* [Assignment]:
From the records below, print only the part that opens with the line containing "全4種類 要1種類選択 30分" and closes with the line containing "7 Years! Happy Anniversary Pam Windler!"; omit the pictures.

* [Given entries]:

=== Section Start ===

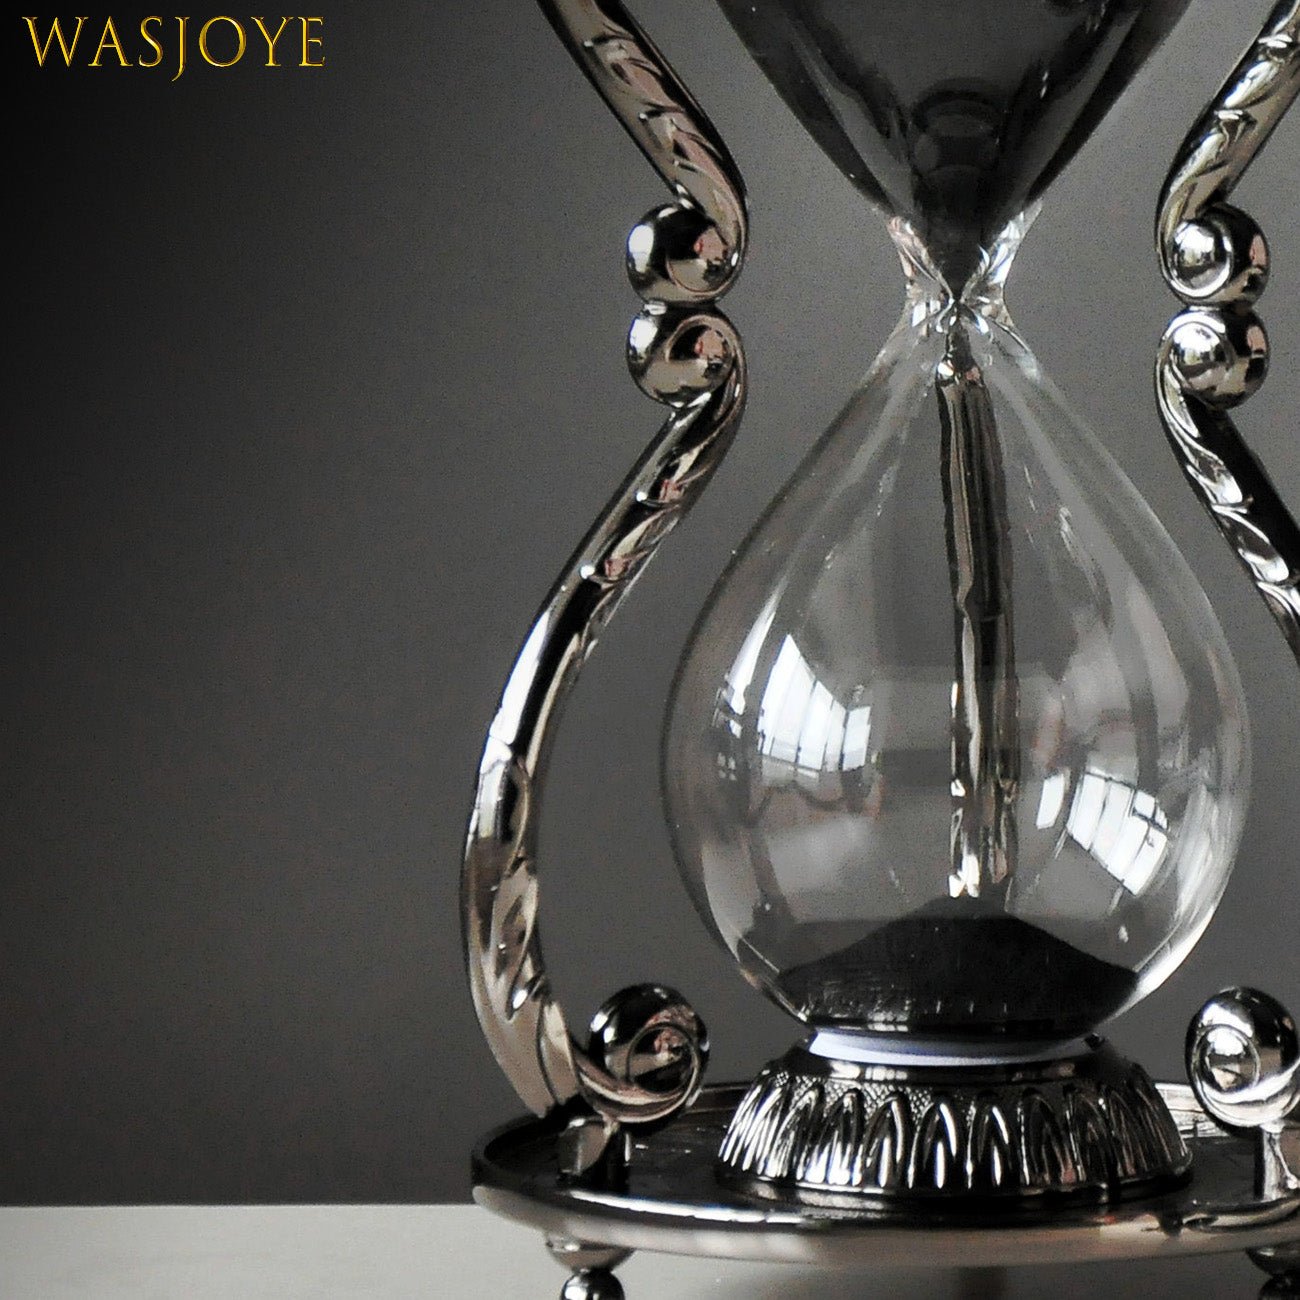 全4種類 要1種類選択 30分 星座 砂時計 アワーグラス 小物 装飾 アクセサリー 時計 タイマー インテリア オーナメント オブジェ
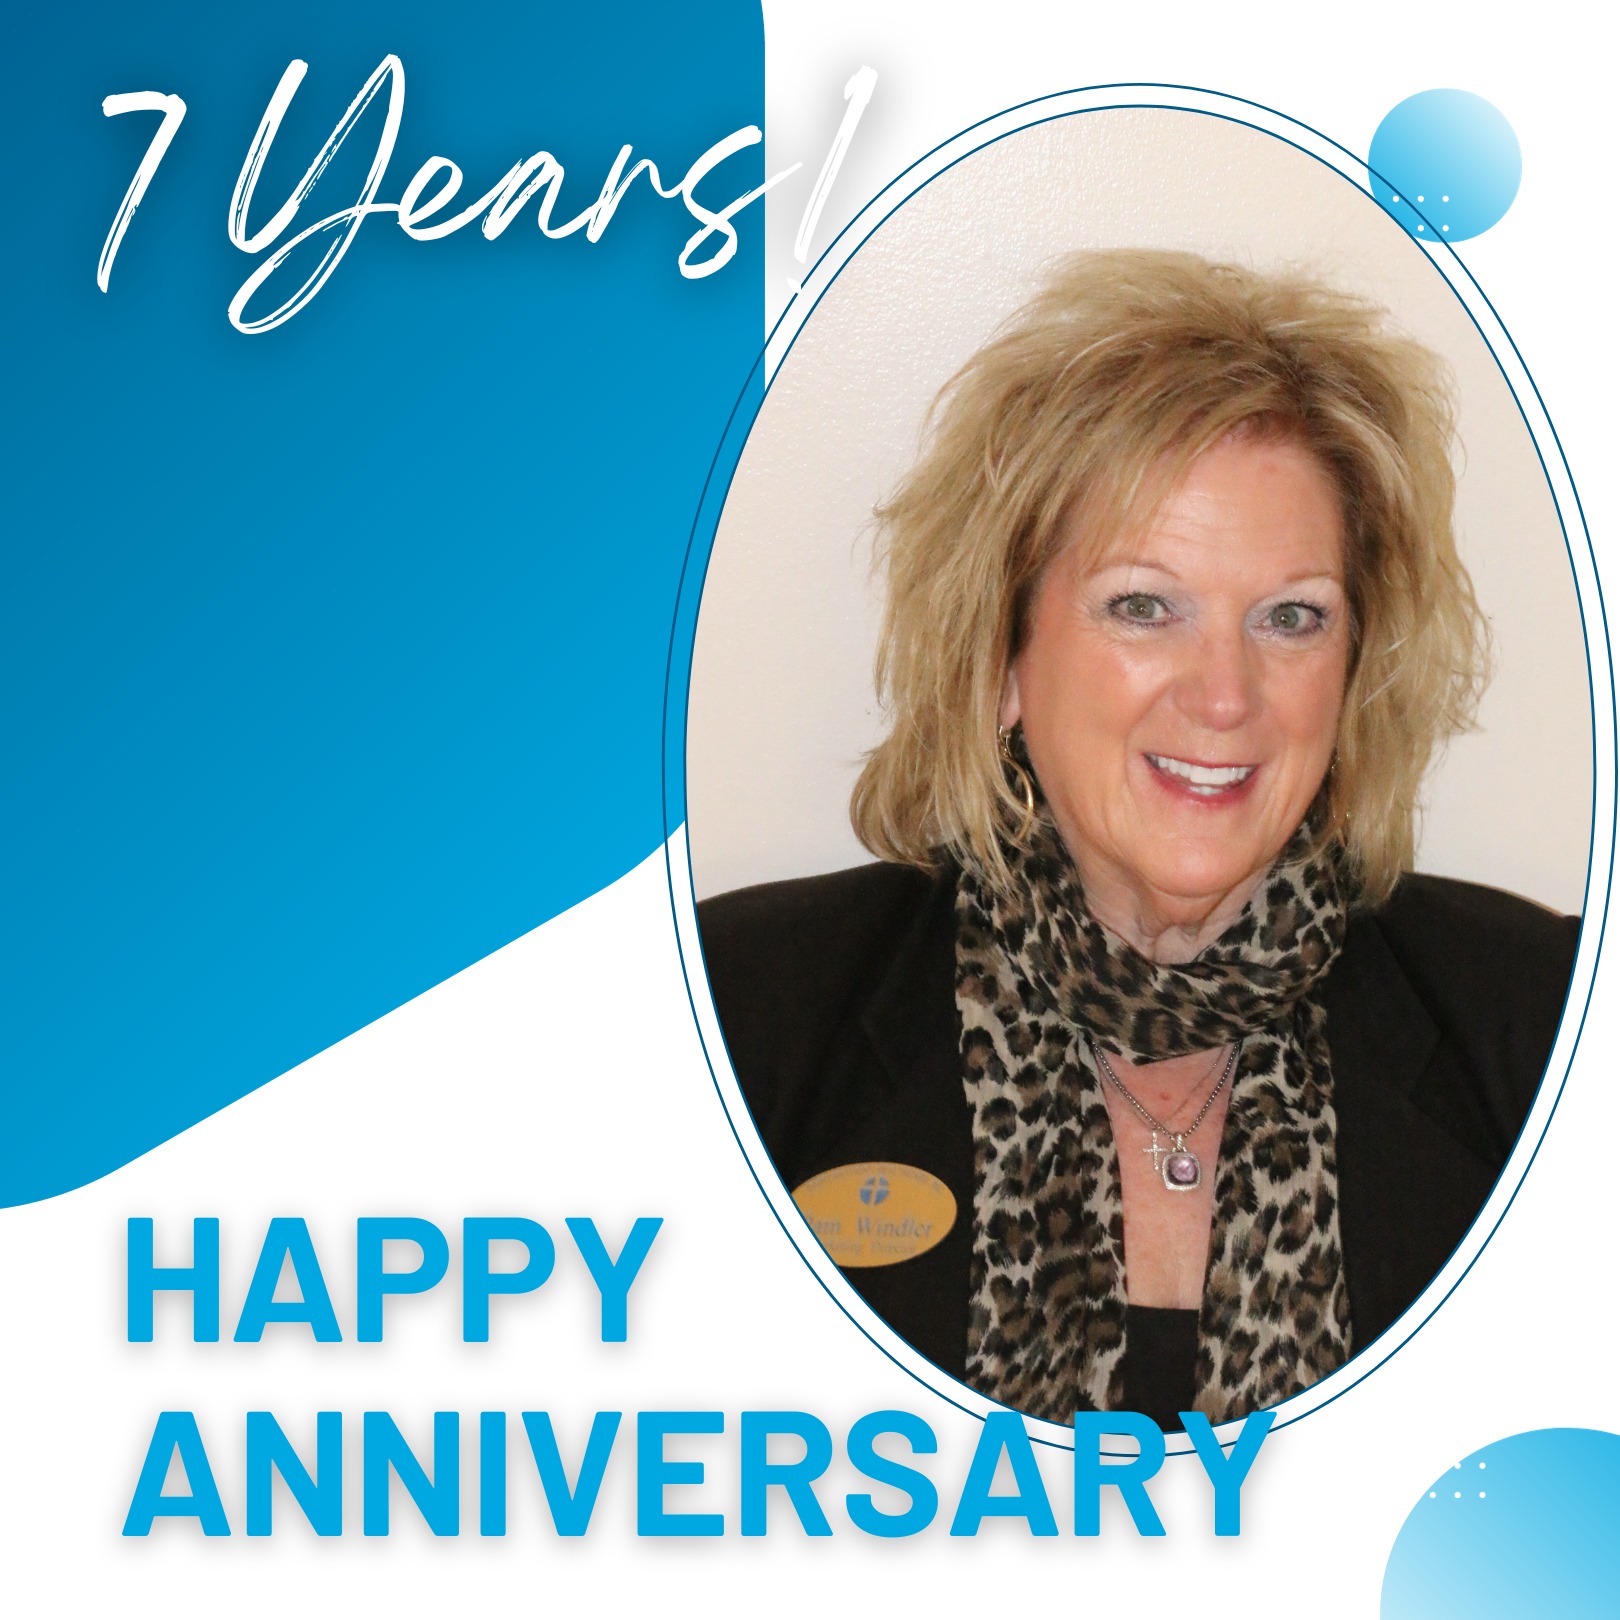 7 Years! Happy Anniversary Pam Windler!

=== Section End ===
=== Section Start ===

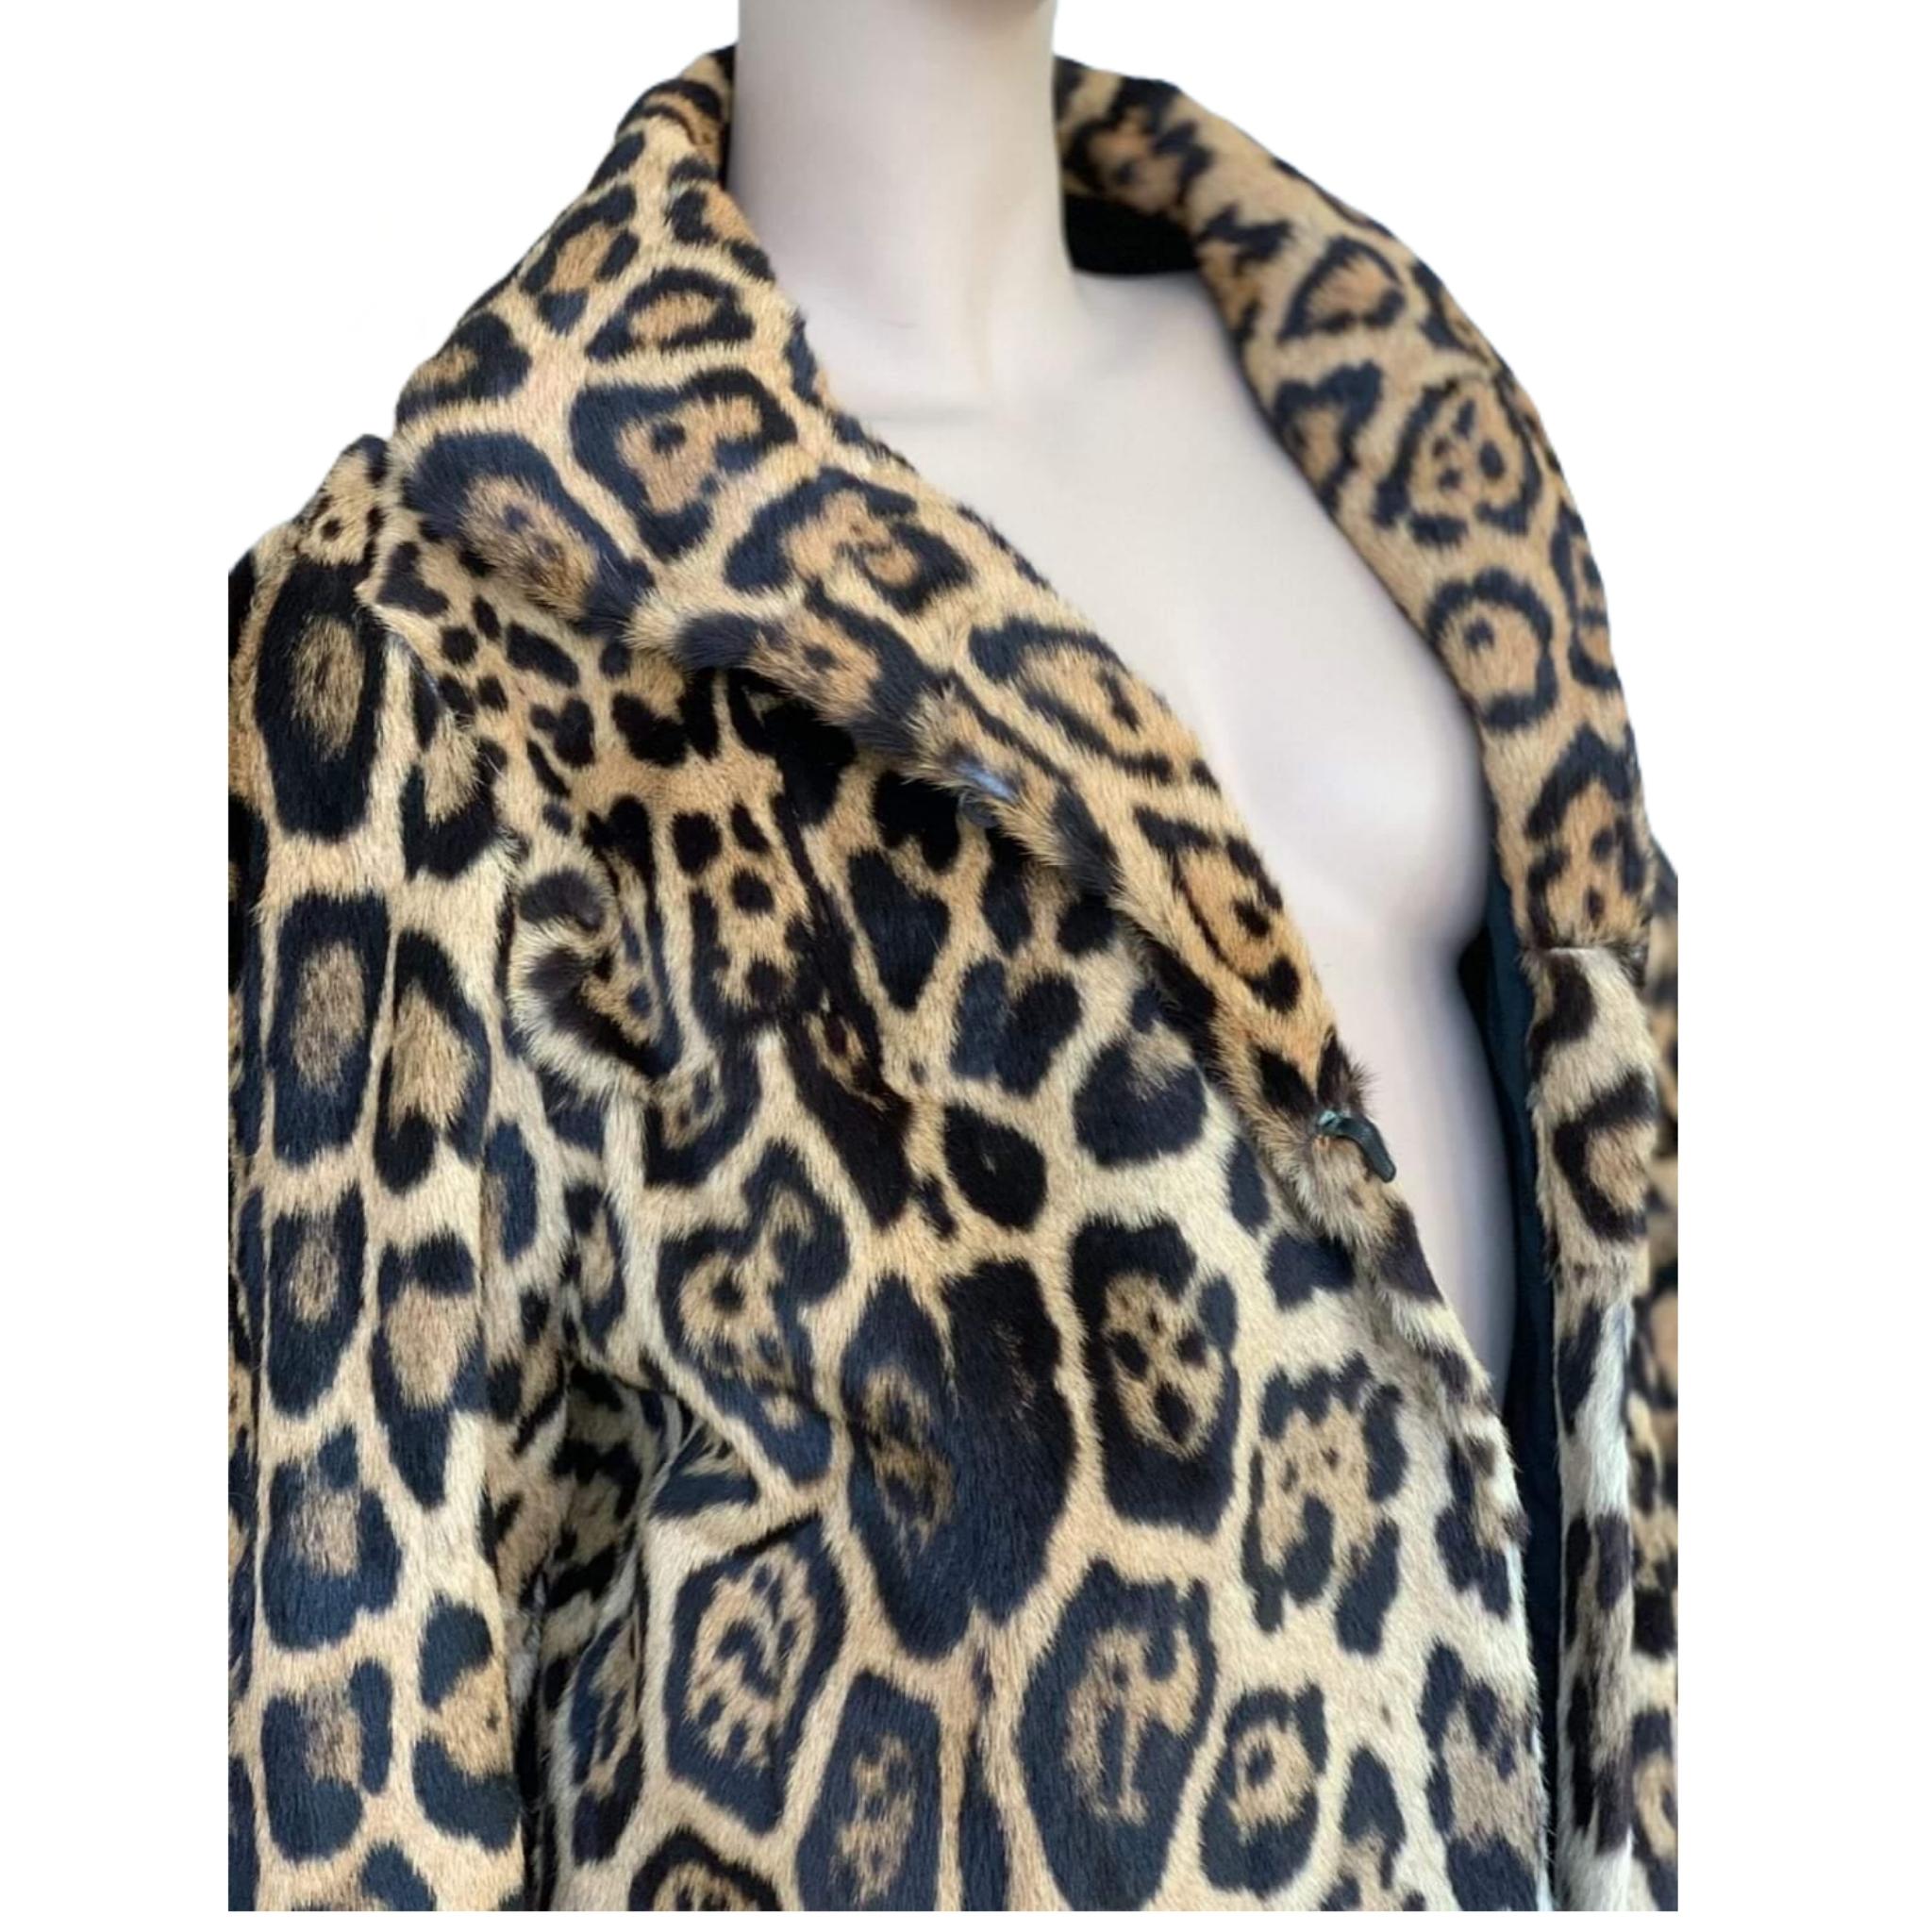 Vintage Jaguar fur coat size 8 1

=== Section End ===

* [Final answer]:
 全4種類 要1種類選択 30分 星座 砂時計 アワーグラス 小物 装飾 アクセサリー 時計 タイマー インテリア オーナメント オブジェ
 7 Years! Happy Anniversary Pam Windler!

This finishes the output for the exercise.